> _Assigned task_:
Only the line containing "M&S COLLECTION Magic" and the lines after it, through the end of the entries, should be output exactly.

> _Raw data_:
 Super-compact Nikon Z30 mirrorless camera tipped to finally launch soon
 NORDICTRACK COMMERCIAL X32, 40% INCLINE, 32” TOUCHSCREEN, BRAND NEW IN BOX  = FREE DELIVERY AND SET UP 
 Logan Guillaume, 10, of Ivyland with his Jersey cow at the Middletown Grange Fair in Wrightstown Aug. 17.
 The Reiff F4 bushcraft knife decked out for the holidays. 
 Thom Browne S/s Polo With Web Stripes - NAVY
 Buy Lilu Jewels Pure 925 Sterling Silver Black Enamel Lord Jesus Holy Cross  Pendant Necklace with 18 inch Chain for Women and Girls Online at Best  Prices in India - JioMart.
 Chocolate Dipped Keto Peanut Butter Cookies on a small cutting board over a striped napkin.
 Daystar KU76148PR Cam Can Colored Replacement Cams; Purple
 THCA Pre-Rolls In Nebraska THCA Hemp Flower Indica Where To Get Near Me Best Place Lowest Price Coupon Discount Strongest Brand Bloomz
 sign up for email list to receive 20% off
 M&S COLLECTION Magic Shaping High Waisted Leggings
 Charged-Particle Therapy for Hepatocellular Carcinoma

> _Response to this exercise_:
 M&S COLLECTION Magic Shaping High Waisted Leggings
 Charged-Particle Therapy for Hepatocellular Carcinoma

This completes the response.